**Dataset excerpt**
━━━━━━
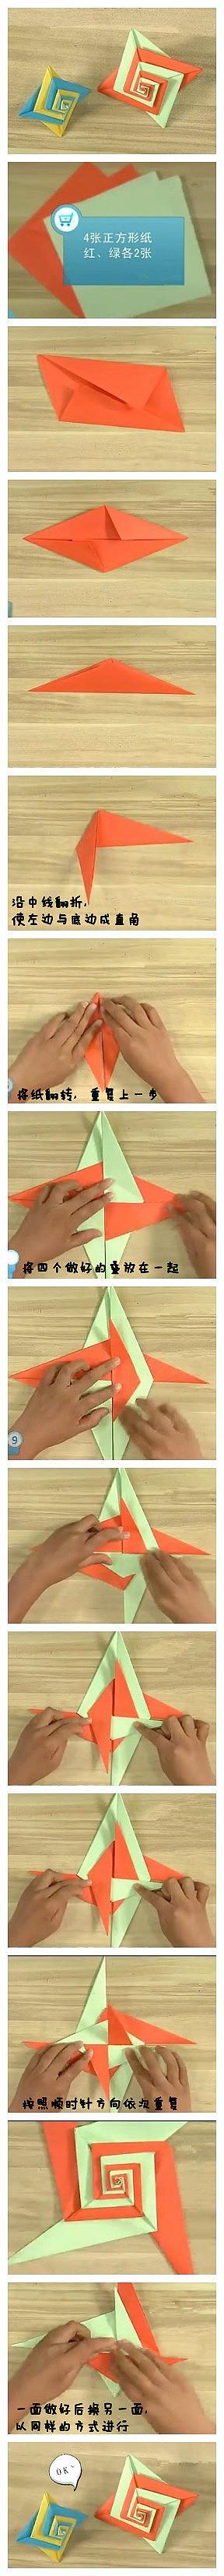 Photo diagrams for Tomoko Fuse's origami spiral.
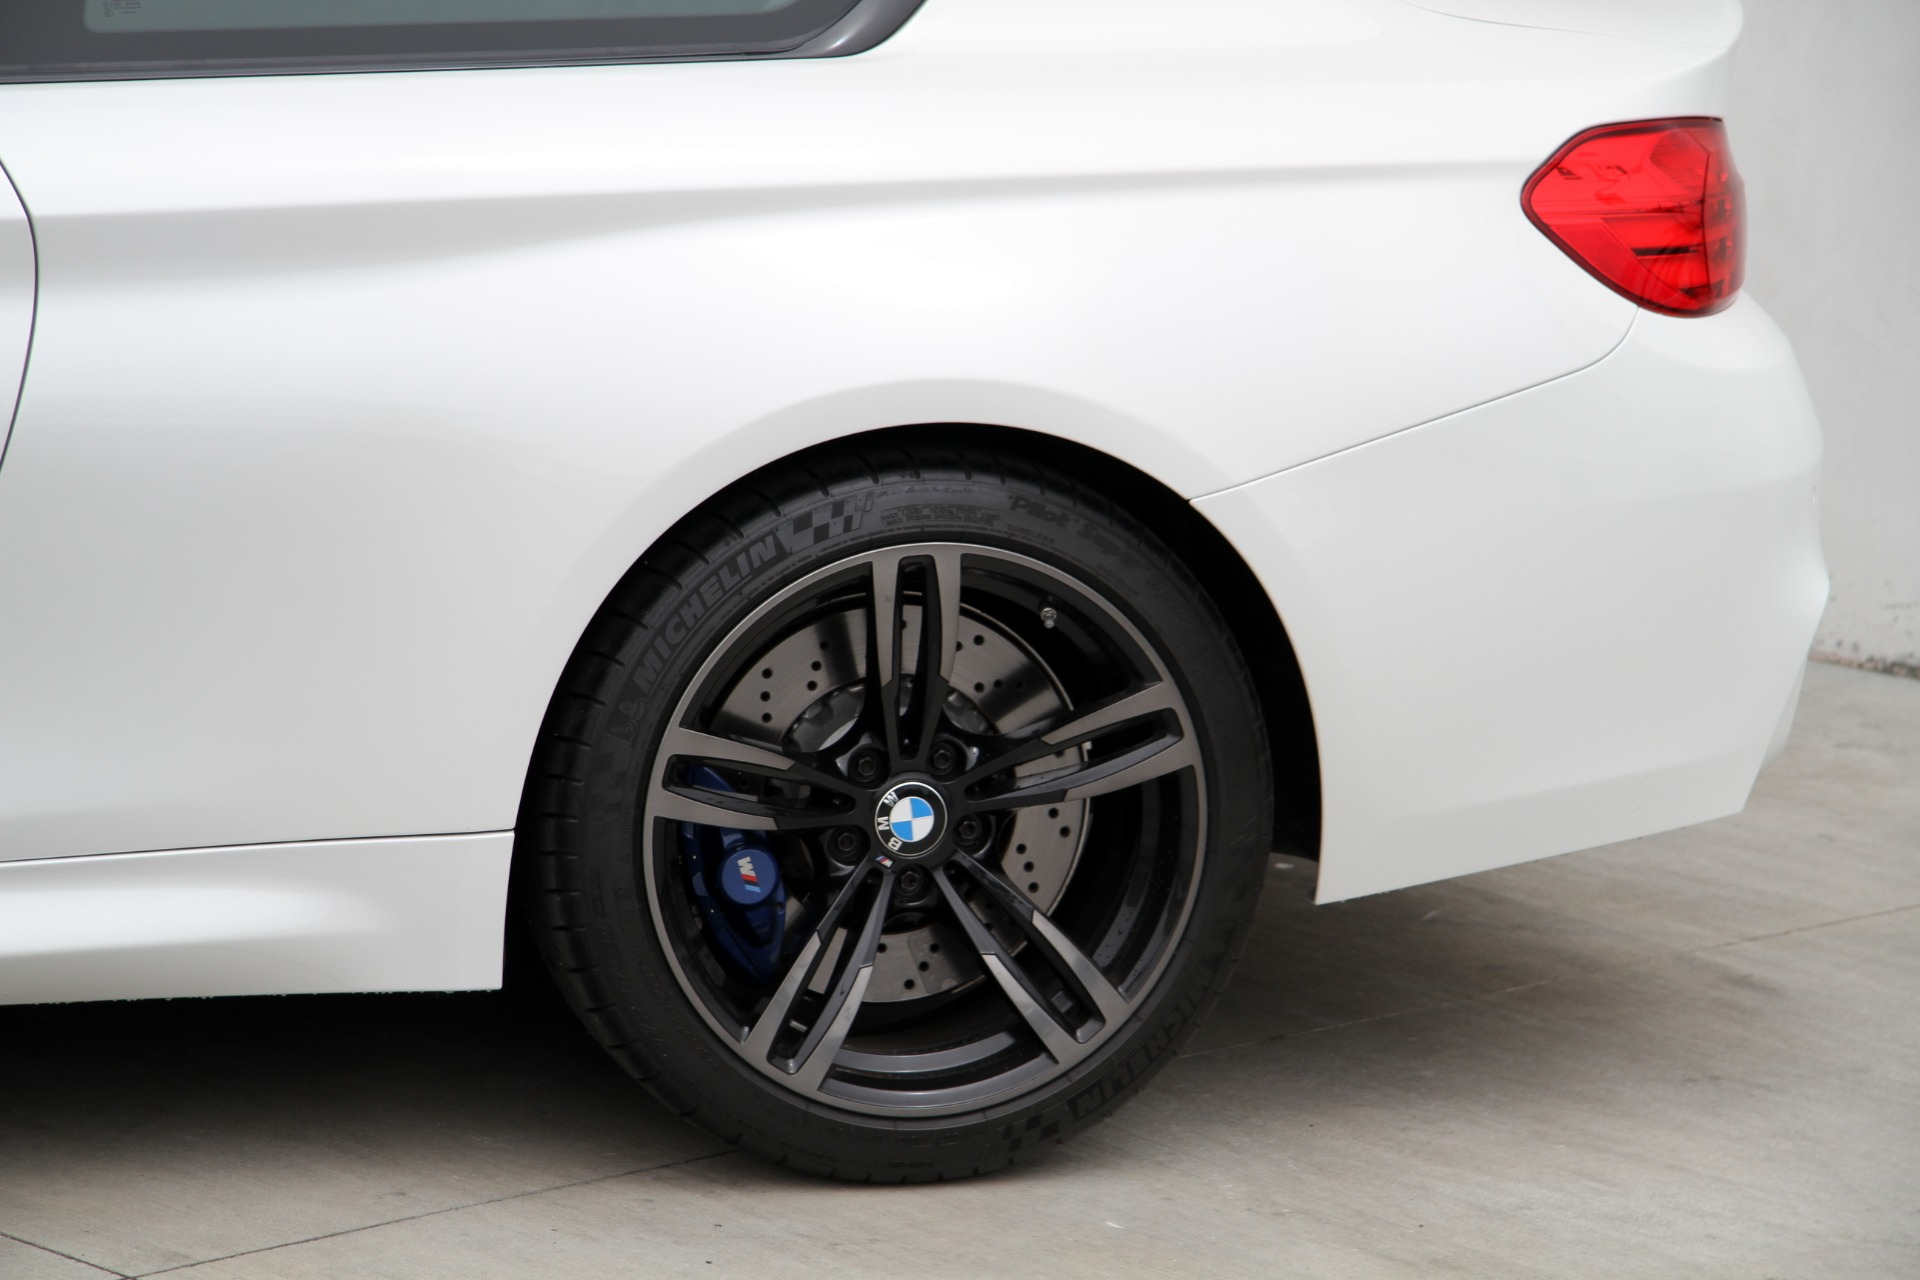 2015 Bmw M4 Carbon Fiber Roof Stock 6151 For Sale
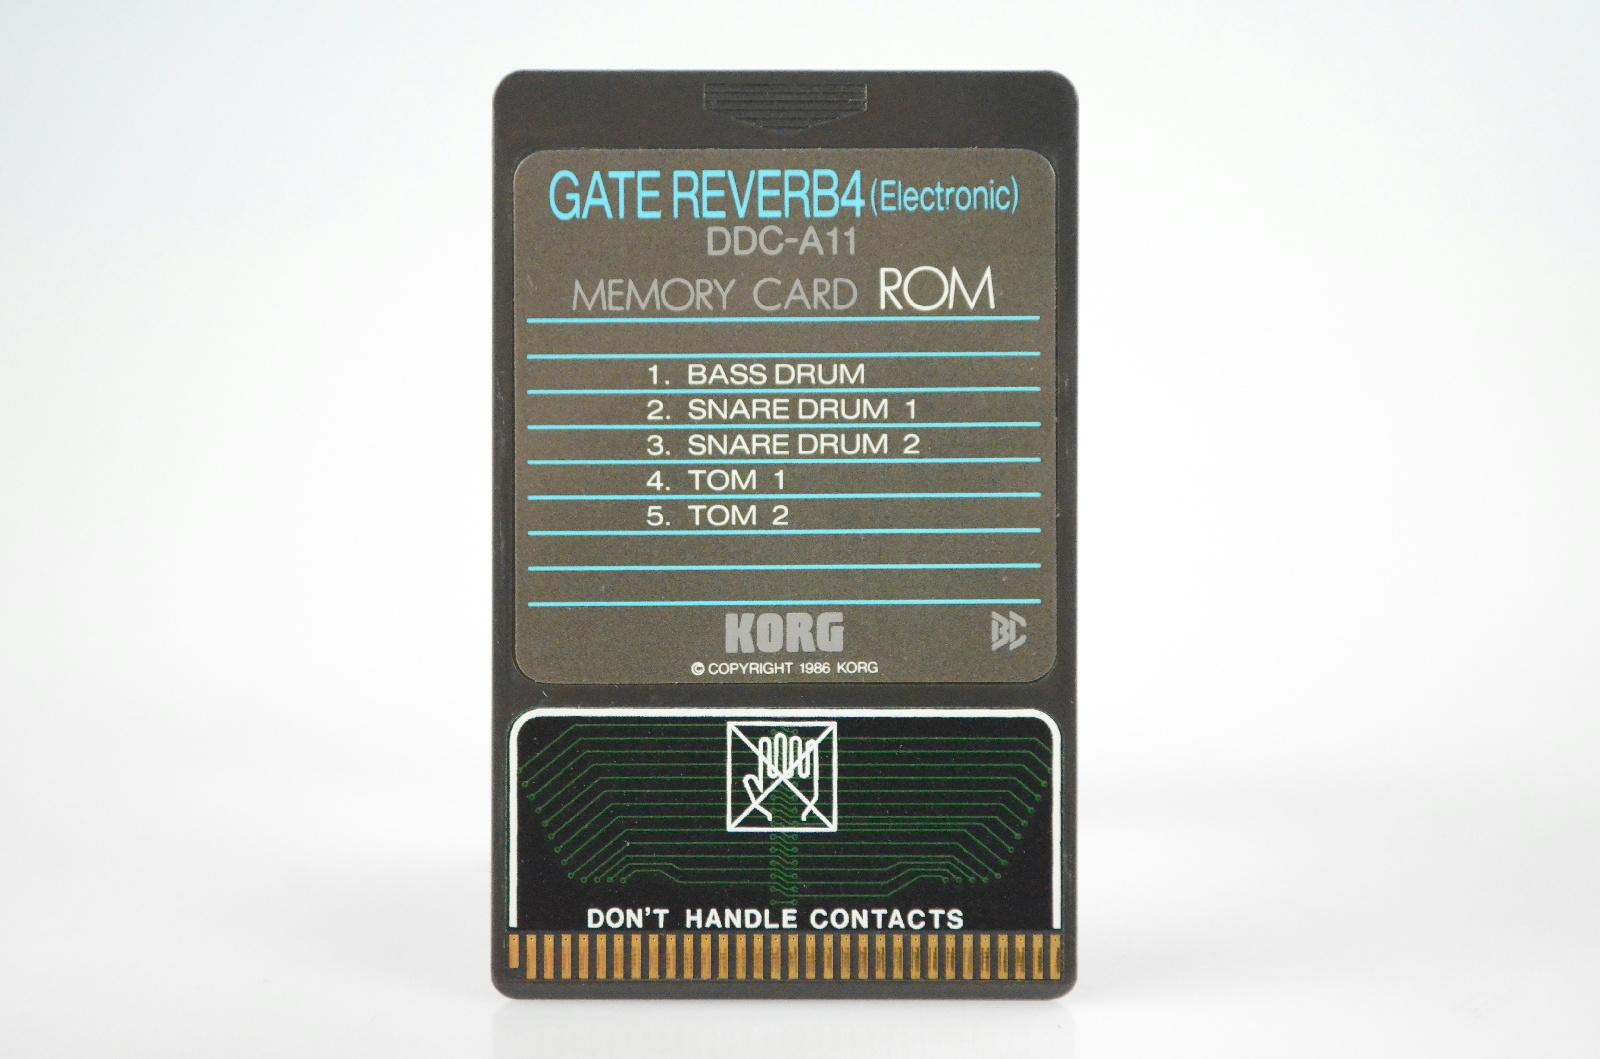 Korg Gate Reverb 4 DDC-A11 Memory Card ROM for DDD-1 Drum Machine #33898
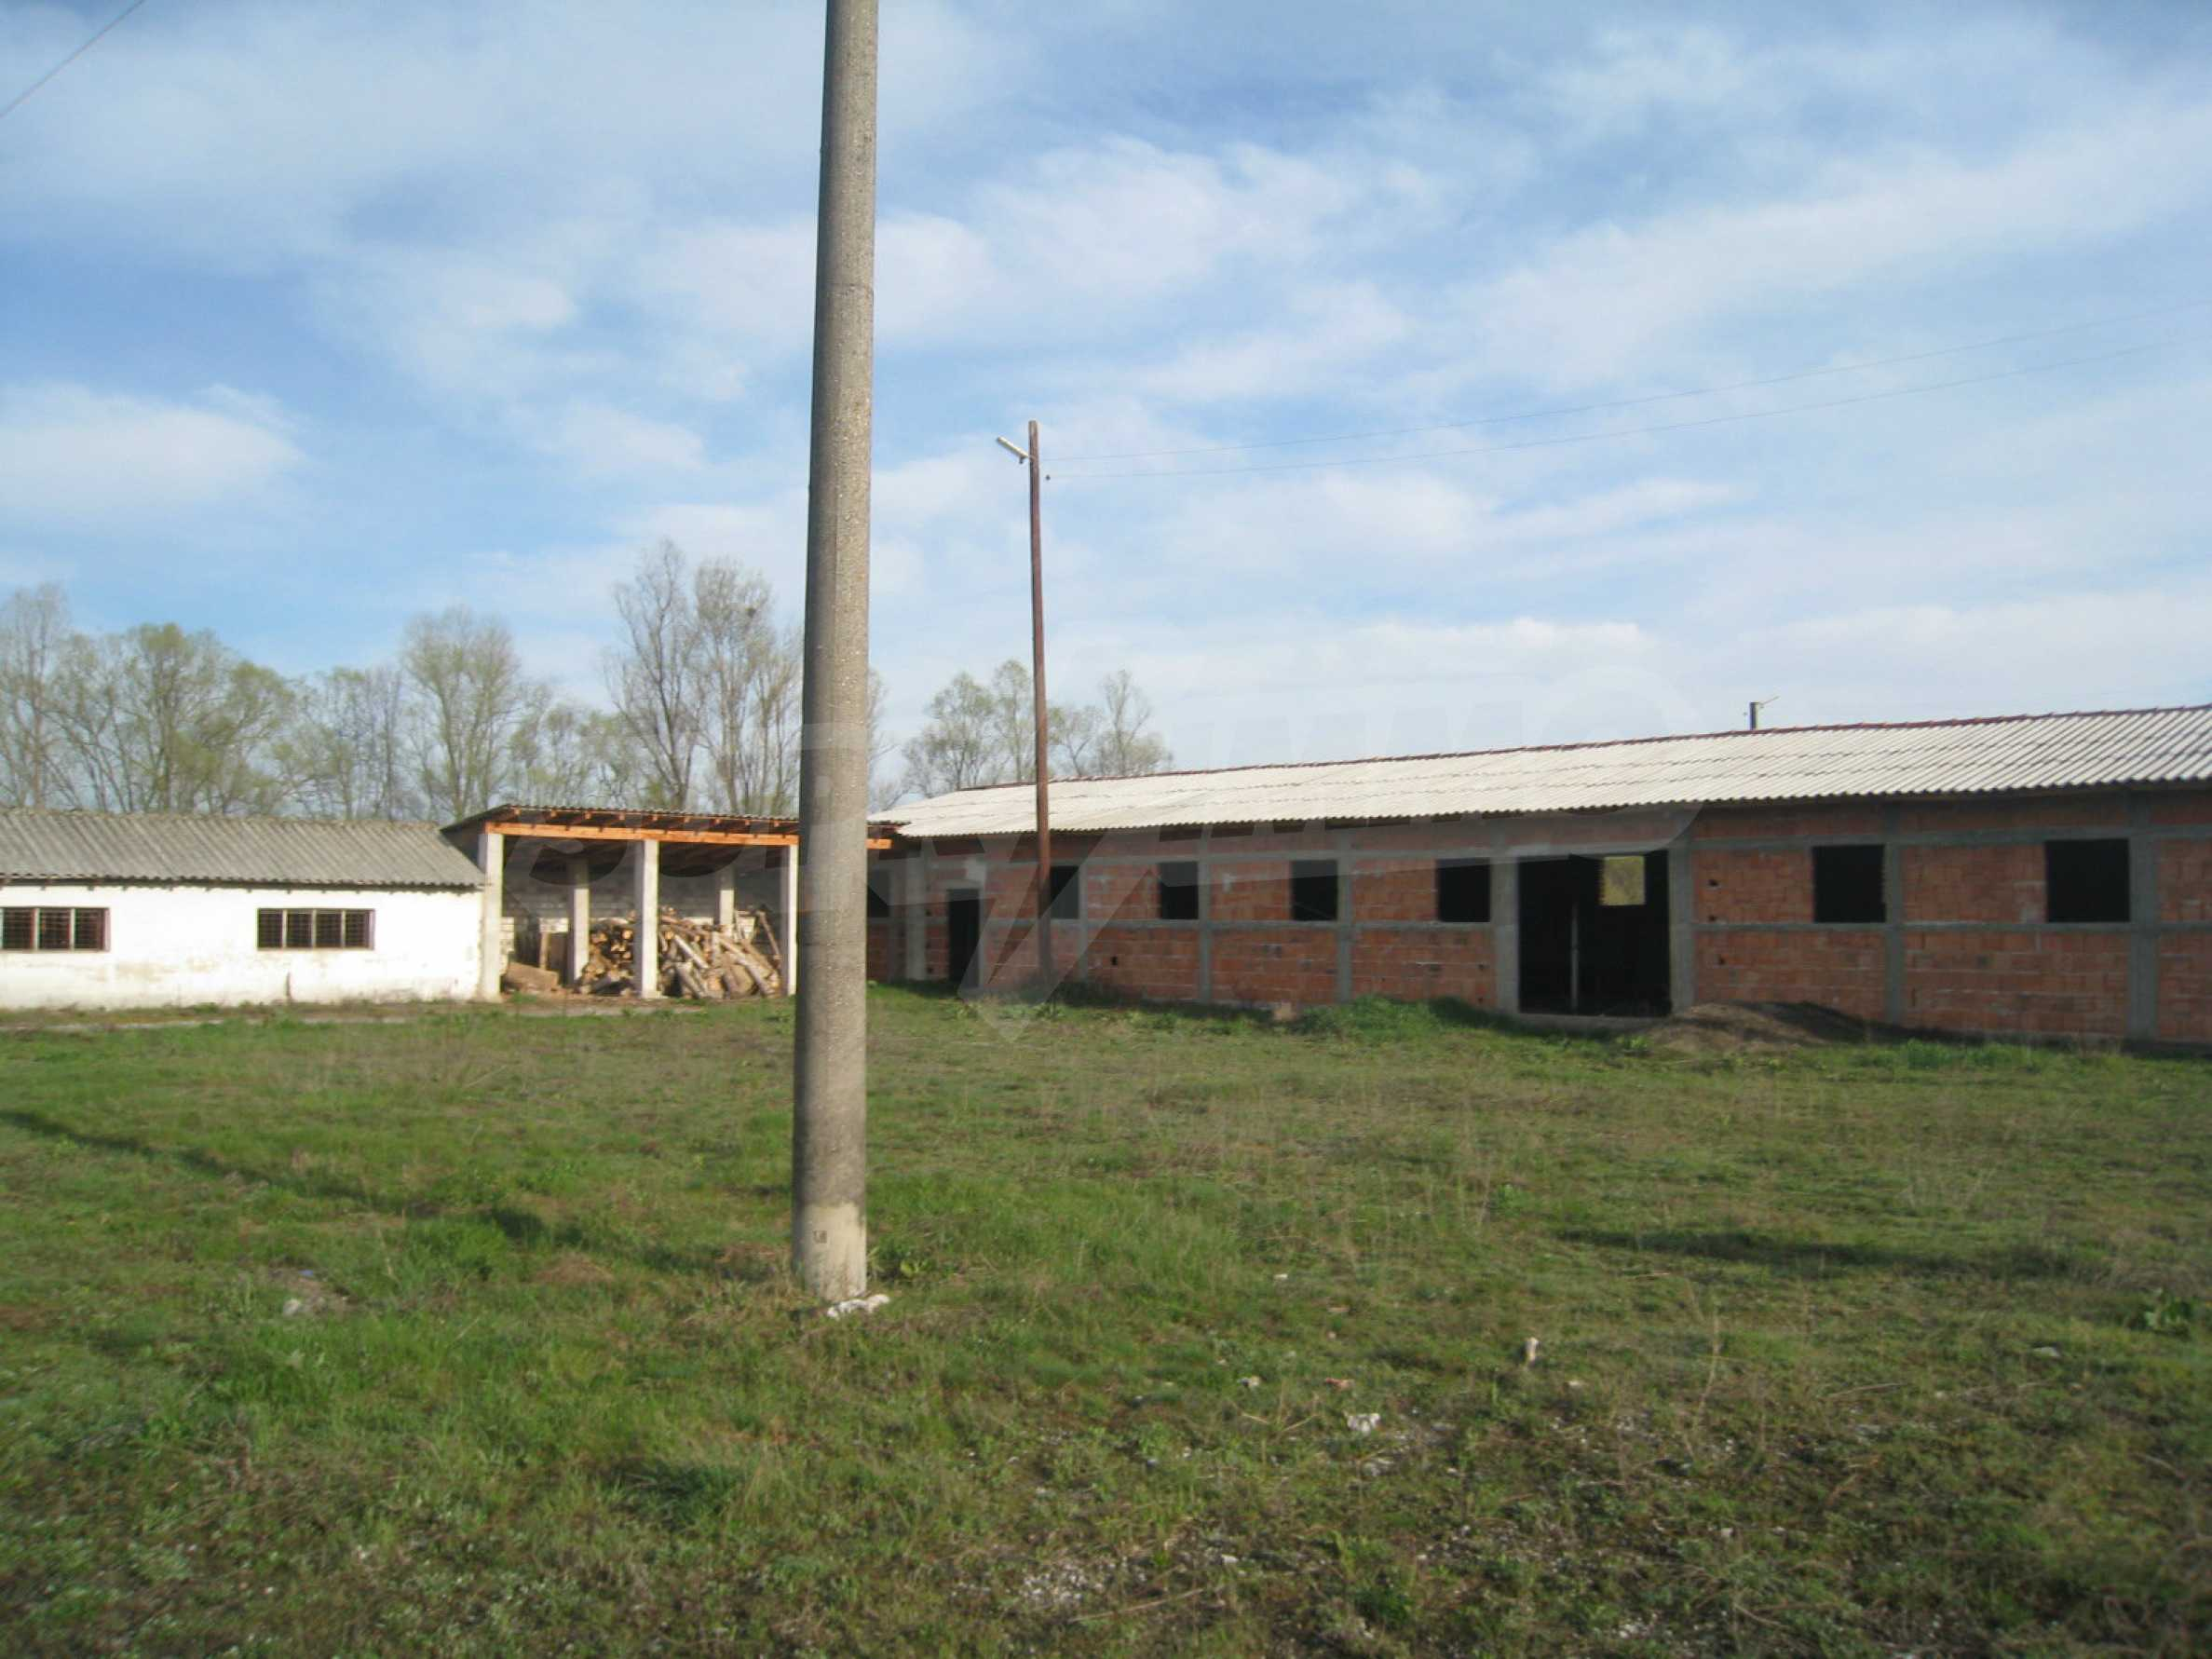 Fishpond, warehouses, residential areas and asphalt ground near Montana 35
━━━━━━
**Problem statement**
Word for word and without pictures, restate only the lines running from the one that contains "2015 Bmw M4" through the last line of the listing above.

**Exercise result**
 2015 Bmw M4 Carbon Fiber Roof Stock 6151 For Sale
 Korg Gate Reverb 4 DDC-A11 Memory Card ROM for DDD-1 Drum Machine #33898
 Fishpond, warehouses, residential areas and asphalt ground near Montana 35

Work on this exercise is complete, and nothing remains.